The dataset used does not just contain coding, it ALSO contains coding, it's a mixture of different dataset from different domains, to avoid exactly the problem you are getting at.

Increased Hallucination is a general problem with quantization and Llama-3 seems to be more affected by quantization than other previous models, probably because it got trained on so many more tokens so it's knowledge is more "dense" so it's easier to loose some smarts when quantizing.

I found these quants, which do not mention anything about imatrix:

https://huggingface.co/QuantFactory/Meta-Llama-3-8B-Instruct-GGUF

Although they are quite old, so they probably do not include the latest bpe pre-tokenizer fixes in llama.cpp.

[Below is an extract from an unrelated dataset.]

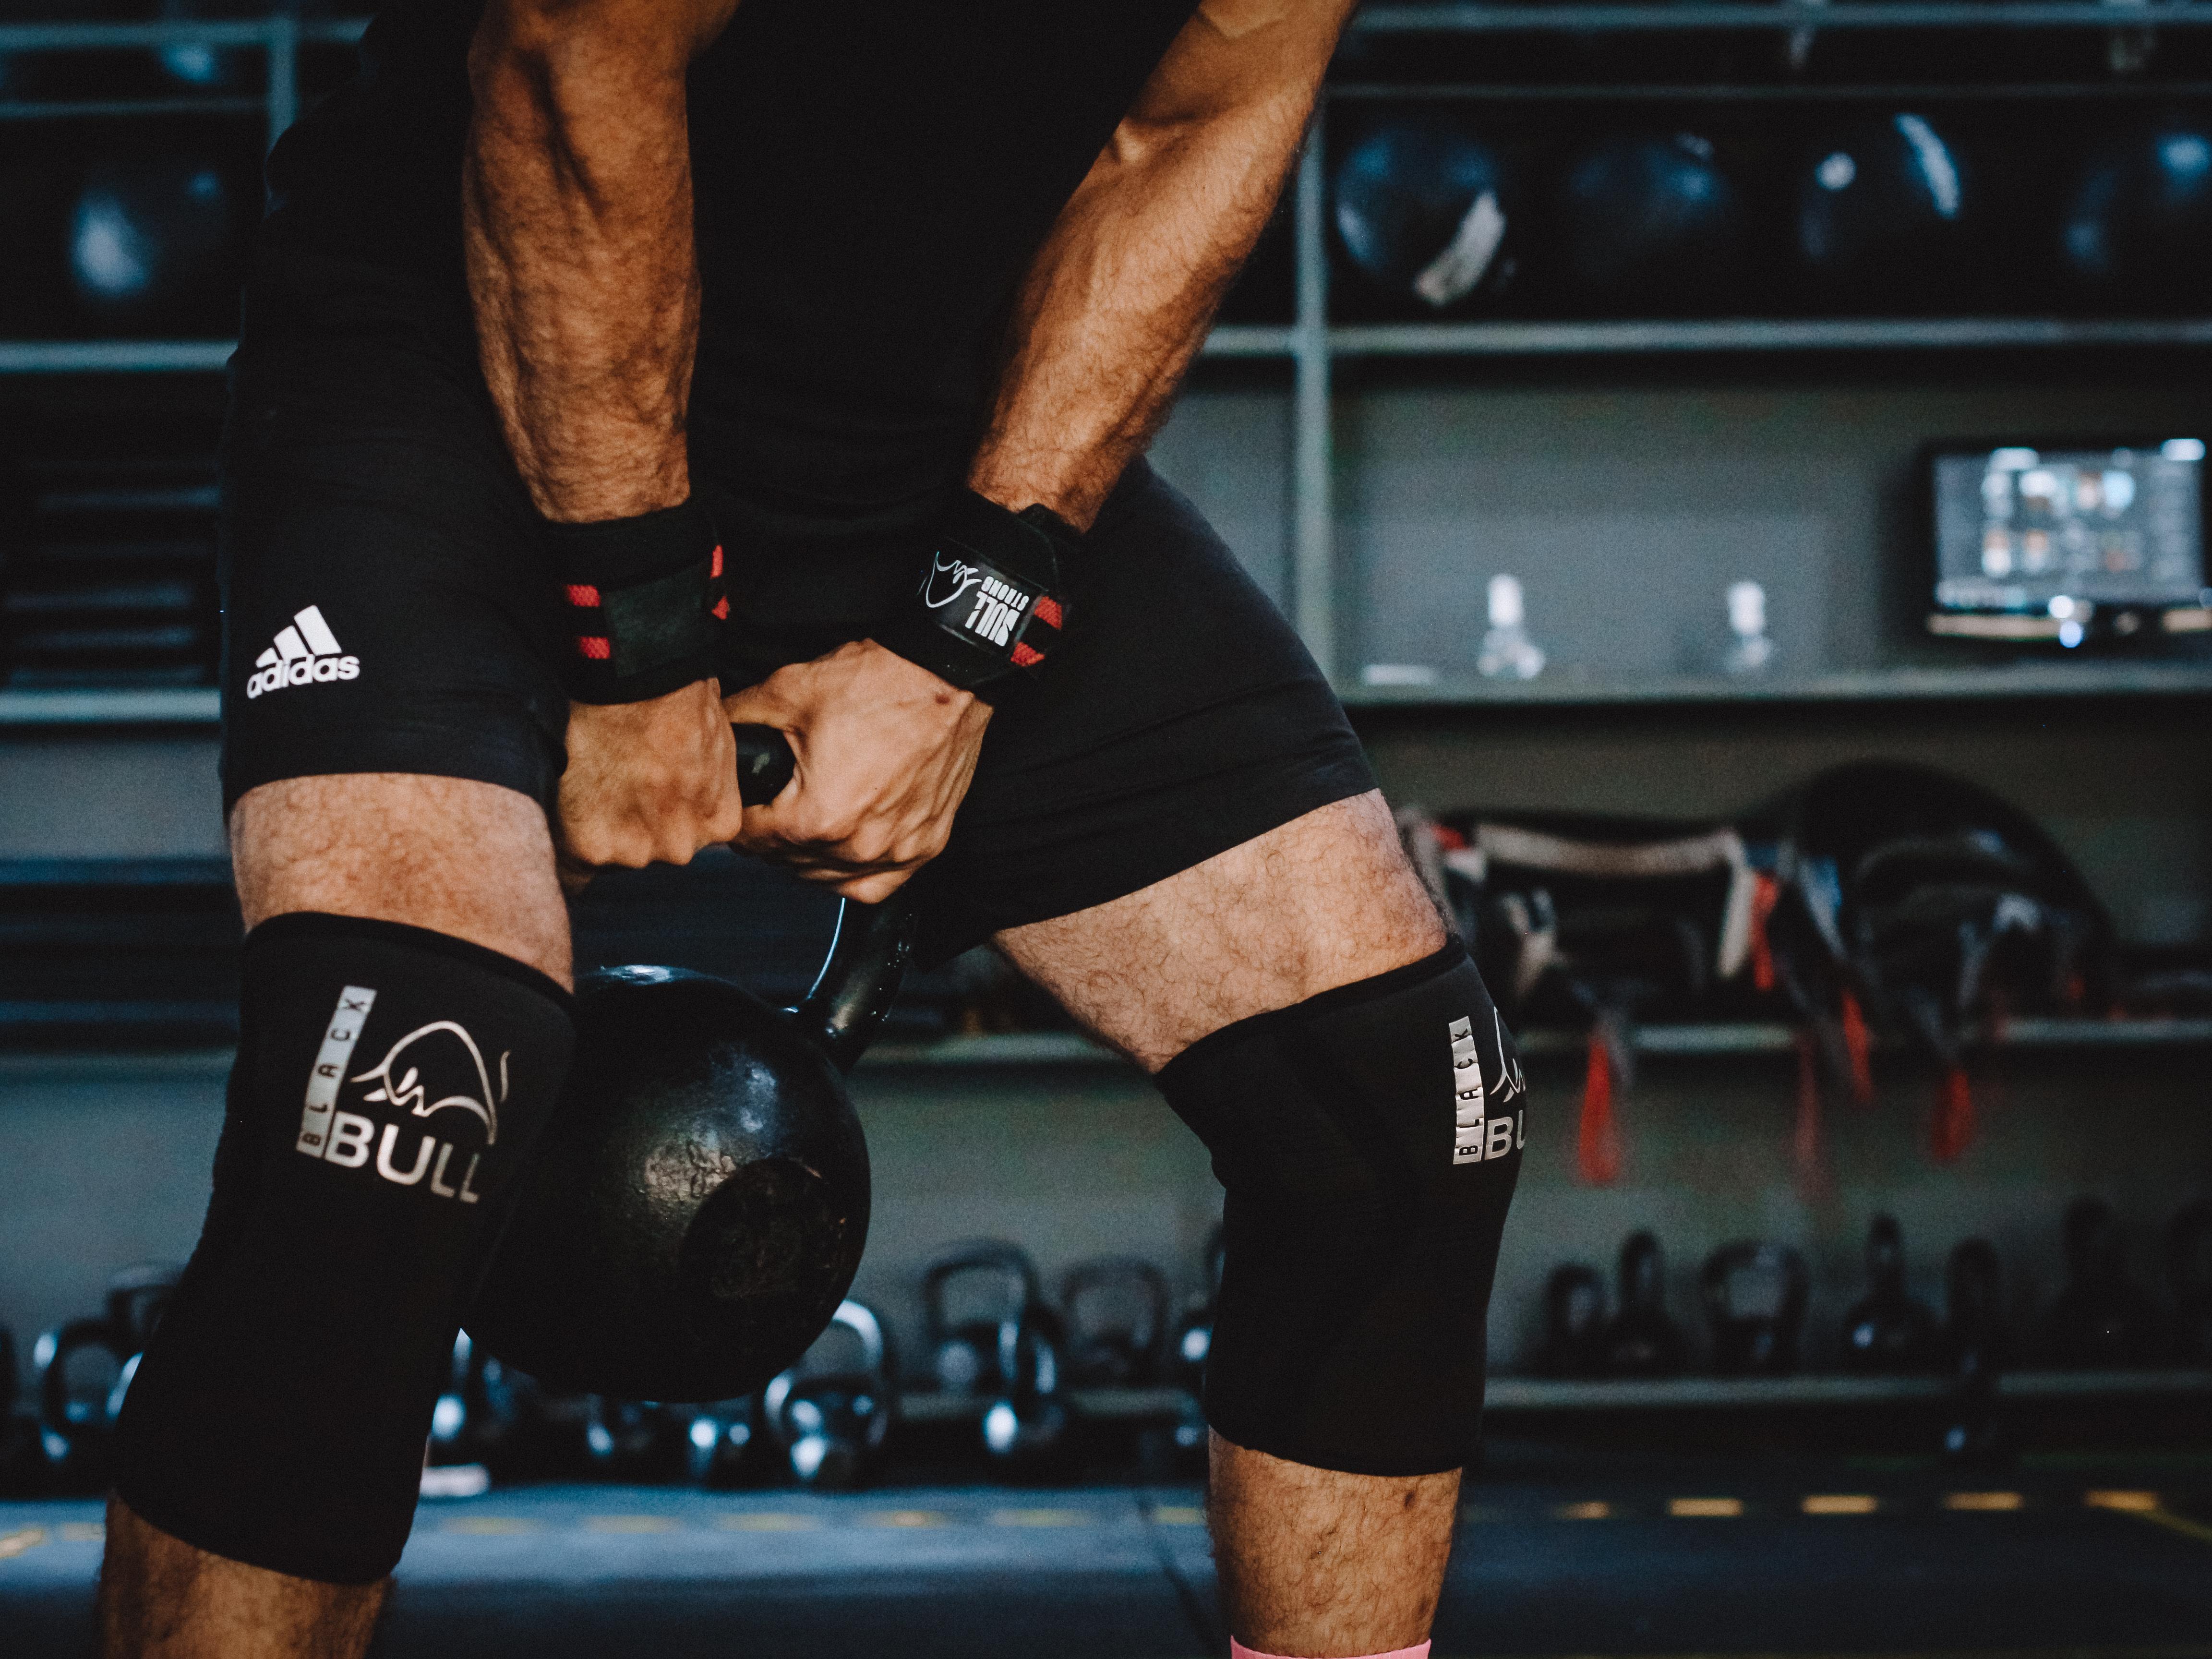 man people strength fitness

If you find non-imatrix quants and they work better I would love to hear more details, but for now I would predict you would have similar problems with non-imatrix quants.

deleted

May 8, 2024

@qwp4w3hyb You are right. I've since resolved this issue and forgot to come back and close this discussion. The hallucinations went away when using a recent GGUF of L3 8b Instruct with the latest version of llama.cpp using Kobaldcpp.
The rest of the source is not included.